Other films from all around the world feature butchers profitably selling human flesh for human consumption: The Butchers, Ebola Syndrome (from Hong Kong), Delicatessen from France, The Green Butchers from Denmark, and Barbaque (Some Like it Rare), also from France. In most of these films, the flesh of humans is found to be irresistibly delicious, until its provenance is discovered (although in Barbaque, only flesh from vegans has that special something). This is also the theme of Sweeney Todd even in the latest personification, The Horror of Delores Roach, in which New Yorkers line up around the block to buy the most delicious empanadas, unaware they are made of the chef’s landlord. Hitchcock had explored the same territory in 1959 with his episode called Specialty of the House, in which members of an exclusive men’s club crave the specialty “lamb Armistran”, which turns out to be the flesh of patrons who had enquired too deeply into the methods of the chef. Just so in this film, The Mad Butcher, which was the subject of this blog before I embarked on one of my legendary tangents.

Hannibal Lecter, untypically, did not eat humans because they were irresistibly delicious, but because they were another species of edible mammals, inferior to Hannibal the Übermensch and those few he considered his equals, no more or less acceptable morally and gustatorily than any other meat animal. Hannibal found amusement watching his guests enjoy his cooking, not because of the type of the meat, but because of his gastronomical skills. Hannibal’s meals were just as delicious whether filled with human, cow, pig, sheep, or anyone else. It’s the preparation, what Claude Lévi-Strauss called “the cultural transformation of the raw”. Hannibal refined the rude into delicious concoctions. Otto feels the same way about refining annoying people through the artistry of his butchery.

“Let me explain. Animals tear meat. Butchers carve.”

Rotten Tomatoes gives this film a solid 42%, based on the wordless review of one critic. I think as cannibal films go it would be forgettable, except for the amazing performance of the great Victor Buono, who turns it into a melodrama, or even a pantomime. It is, whatever its critical failings, very watchable and a lot of fun, and for those who are interested in such things, there is no gore but lots of meat, and lots of dresses being ripped from female bodies. To the protagonist, Otto, sex is one more appetite, like hunger, easily satisfied by violence, and not to be denied by the stultifying conventions of society.

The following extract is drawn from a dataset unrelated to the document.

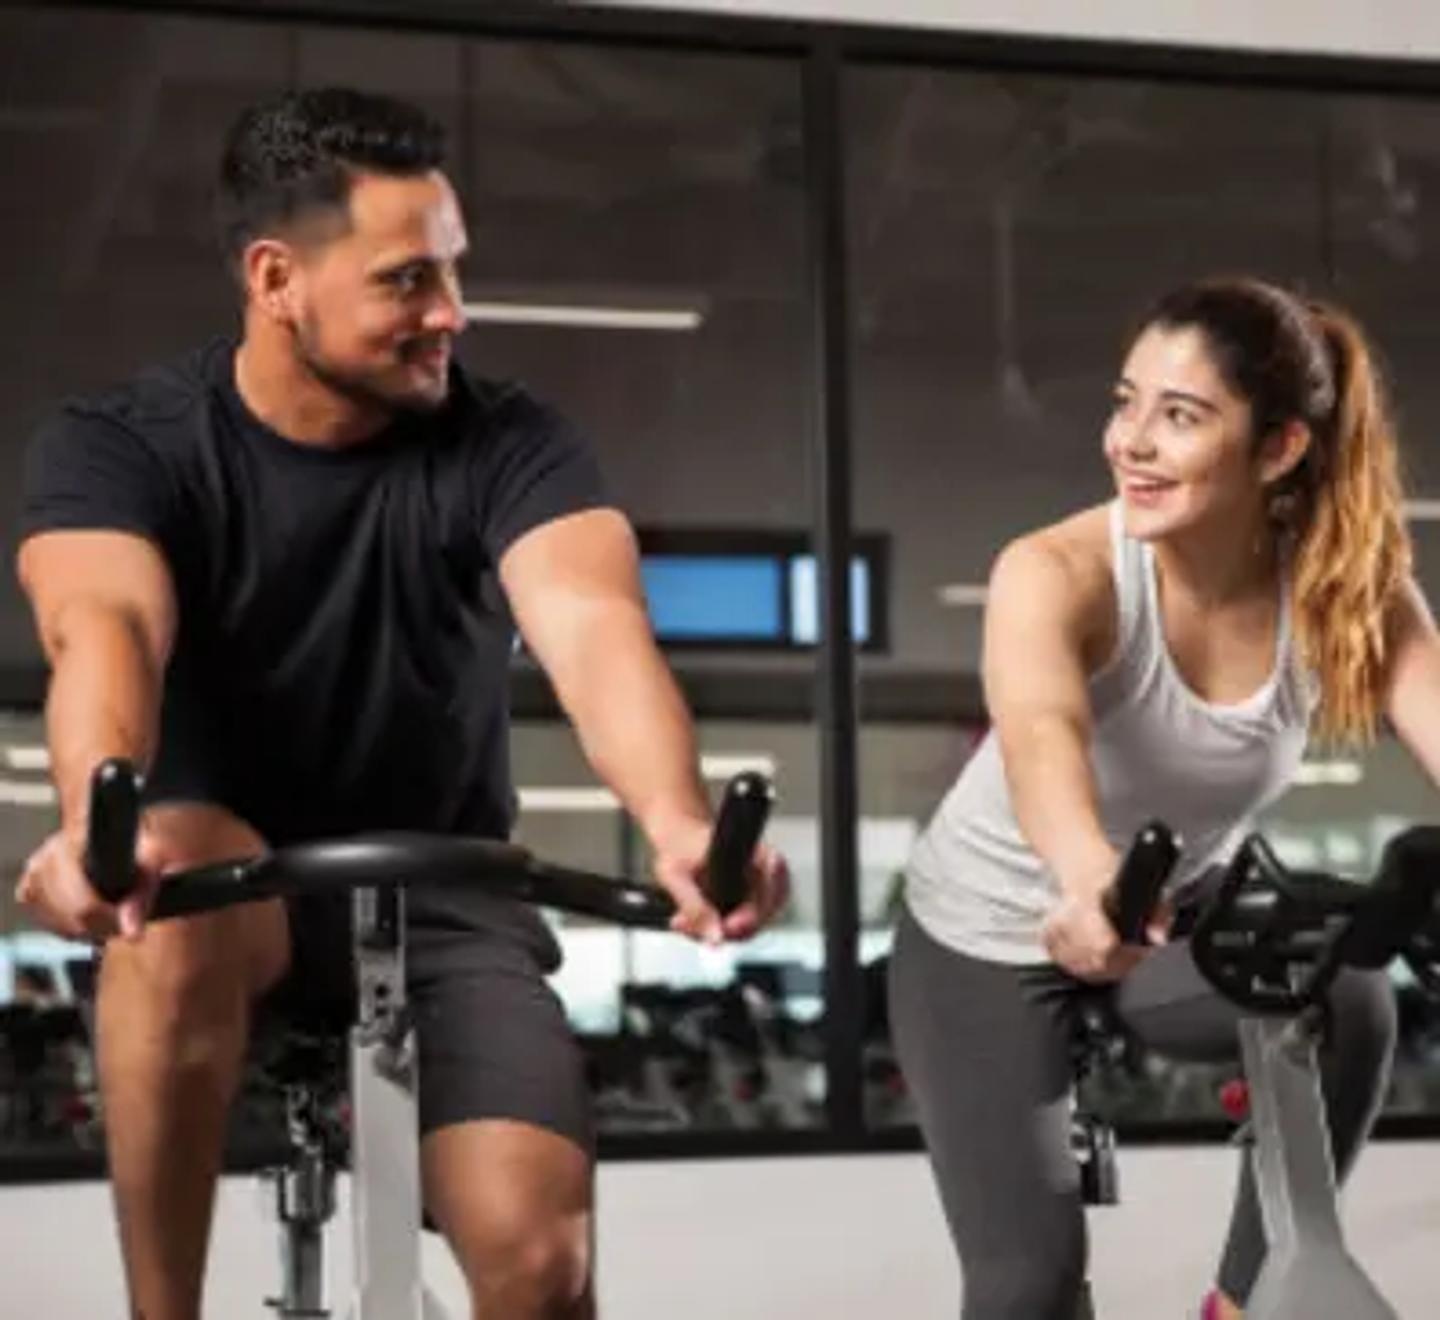 Indoor Cycling Instructor helping client at a gym
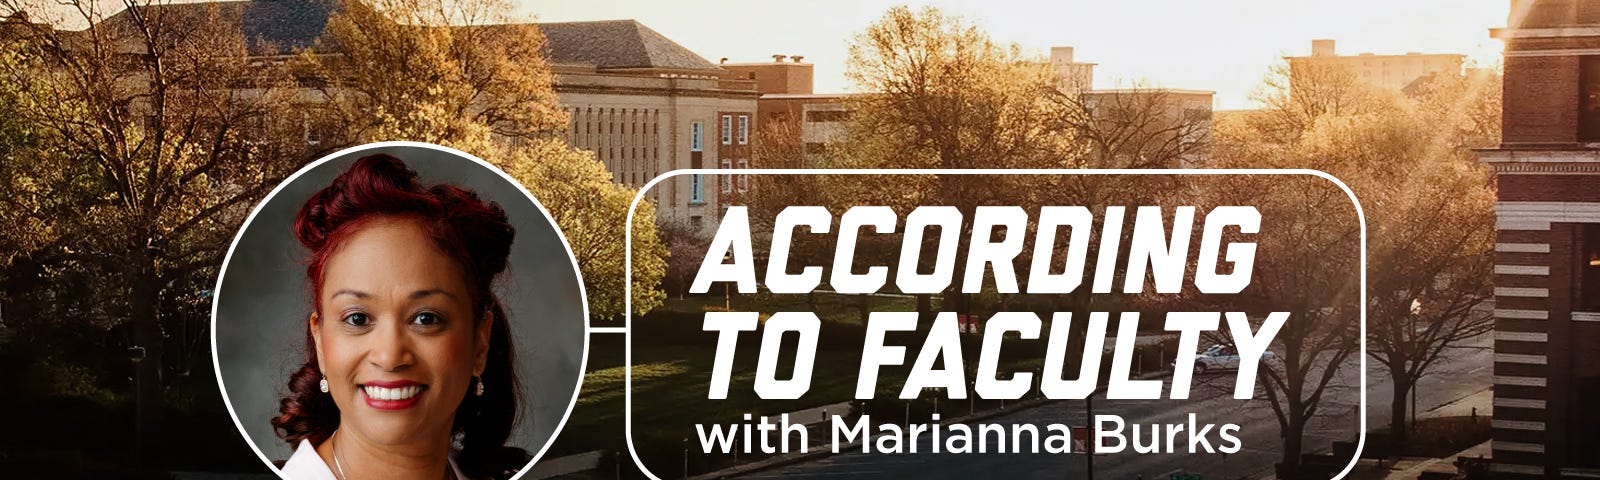 A photo of Marianna set over a photo of campus with text that reads “According to Faculty with Marianna Burks”

If you speak Italian, the full movie can, at the time of writing, be seen at: https://ok.ru/video/1511628212842

Cannibalism News 2024: Putin pardons more cannibals

Another Russian convicted of murder and cannibalism has been pardoned by Vladimir Putin after fighting in the Ukraine.

Denis Gorin (Денис Горин), from the city of Aniva, Sakhalin region, was recruited into a private military company after signing a contract with the Russian Ministry of Defence. He is known to have been convicted three times for murdering at least four people between 2003 and 2022. He and his brother were also convicted of eating the remains of his victims. Gorin killed his victims, then washed and refrigerated the remains. After his last conviction in 2018, Gorin was sentenced to 22 years in prison.

However, at least seventeen convicted murderers have been pardoned by the Russian President since 2022 for agreeing to serve in the war on Ukraine. A neighbour of Gorin, Dmitry Vladimirovich, said that Gorin was now free and had been admitted to a military hospital in the eastern Russian city of Yuzhno-Sakhalinsk due to a moderate injury. The neighbour added that the victims’ relatives are likely to arrange a lynching.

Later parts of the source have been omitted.